В ноябре месяце 1805 года князь Василий должен был ехать на ревизию в четыре губернии. Он устроил для себя это назначение с тем, чтобы побывать заодно в своих расстроенных имениях, и захватив с собой (в месте расположения его полка) сына Анатоля, с ним вместе заехать к князю Николаю Андреевичу Болконскому с тем, чтобы женить сына на дочери этого богатого старика. Но прежде отъезда и этих новых дел, князю Василью нужно было решить дела с Пьером, который, правда, последнее время проводил целые дни дома, т. е. у князя Василья, у которого он жил и был смешон, взволнован и глуп (как должен быть влюбленный) в присутствии Элен, но всё еще не делал предложения.
«Tout ça est bel et bon, mais il faut que ça finisse», [329]— сказал себе раз утром князь Василий со вздохом грусти, сознавая, что Пьер, стольким обязанный ему (ну, да Христос с ним!), не совсем хорошо поступает в этом деле. «Молодость... легкомыслие... ну, да Бог с ним, — подумал князь Василий, с удовольствием чувствуя свою доброту: — mais il faut, que ça finisse. [330]После завтра Лёлины именины, я позову кое-кого, и ежели он не поймет, что́ он должен сделать, то уже это будет мое дело. Да, мое дело. Я — отец!»
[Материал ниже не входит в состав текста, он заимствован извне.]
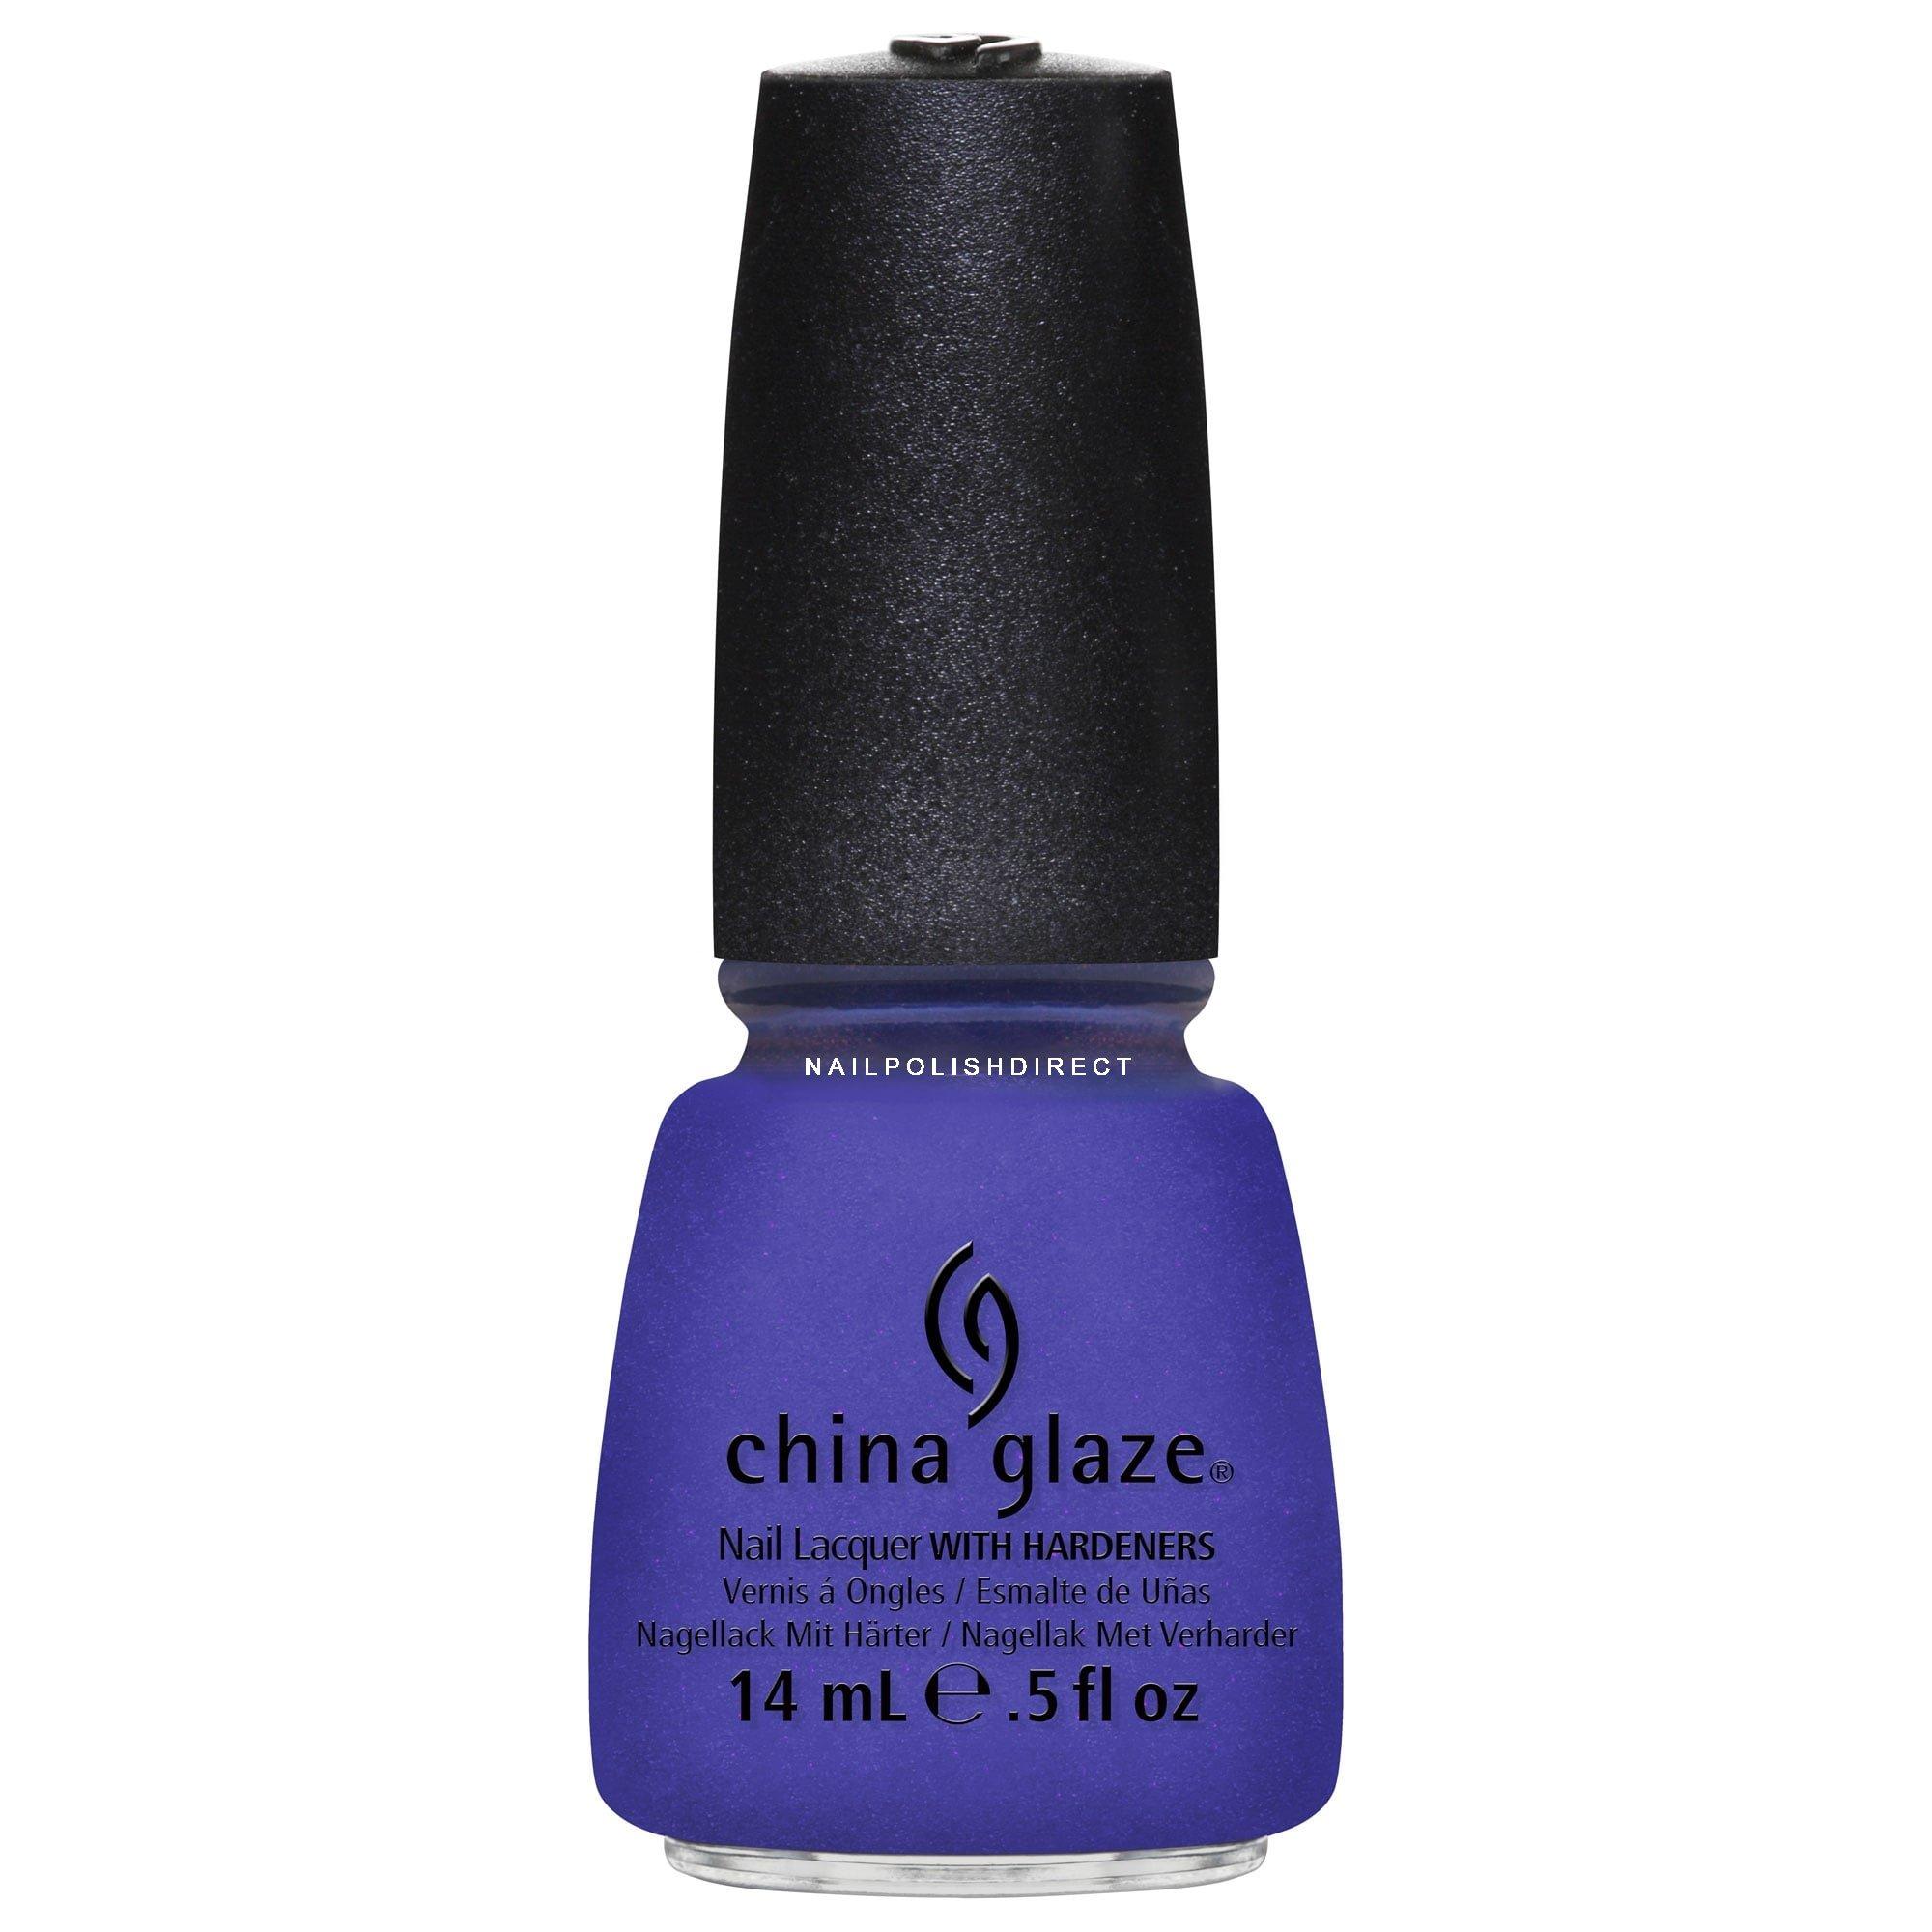 China Glaze Avant Garden Nail Polish Collection - Fancy Pants

Пьер полтора месяца после вечера Анны Павловны и последовавшей за ним бессонной, взволнованной ночи, в которую он решил, что женитьба на Элен была бы несчастие, и что ему нужно избегать ее и уехать, Пьер после этого решения не переезжал от князя Василья и с ужасом чувствовал, что каждый день он больше и больше в глазах людей связывается с нею, что он не может никак возвратиться к своему прежнему взгляду на нее, что он не может и оторваться от нее, что это будет ужасно, но что он должен будет связать с нею свою судьбу. Может быть, он и мог бы воздержаться, но не проходило дня, чтоб у князя Василья (у которого редко бывал прием) не было бы вечера, на котором должен был быть Пьер, ежели он не хотел расстроить общее удовольствие и обмануть ожидания всех. Князь Василий в те редкие минуты, когда бывал дома, проходя мимо Пьера, дергал его за руку вниз, рассеянно подставлял ему для поцелуя выбритую, морщинистую щеку и говорил или «до завтра», или «к обеду, а то я тебя не увижу», или «я для тебя остаюсь» и т. п. Но несмотря на то, что, когда князь Василий оставался для Пьера (как он это говорил), он не говорил с ним двух слов, Пьер не чувствовал себя в силах обмануть его ожидания. Он каждый день говорил себе всё одно и одно: «Надо же, наконец, понять ее и дать себе отчет: кто она? Ошибался ли я прежде или теперь ошибаюсь? Нет, она не глупа; нет, она прекрасная девушка! — говорил он сам себе иногда. — Никогда ни в чем она не ошибается, никогда она ничего не сказала глупого. Она мало говорит, но то, чтó она скажет, всегда просто и ясно. Так она не глупа. Никогда она не смущалась и не смущается. Так она не дурная женщина!» Часто ему случалось с нею начинать рассуждать, думать вслух, и всякий раз она отвечала ему на это либо коротким, но кстати сказанным замечанием, показывавшим, что ее это не интересует, либо молчаливою улыбкой и взглядом, которые ощутительнее всего показывали Пьеру ее превосходство. Она была права, признавая все рассуждения вздором в сравнении с этою улыбкой.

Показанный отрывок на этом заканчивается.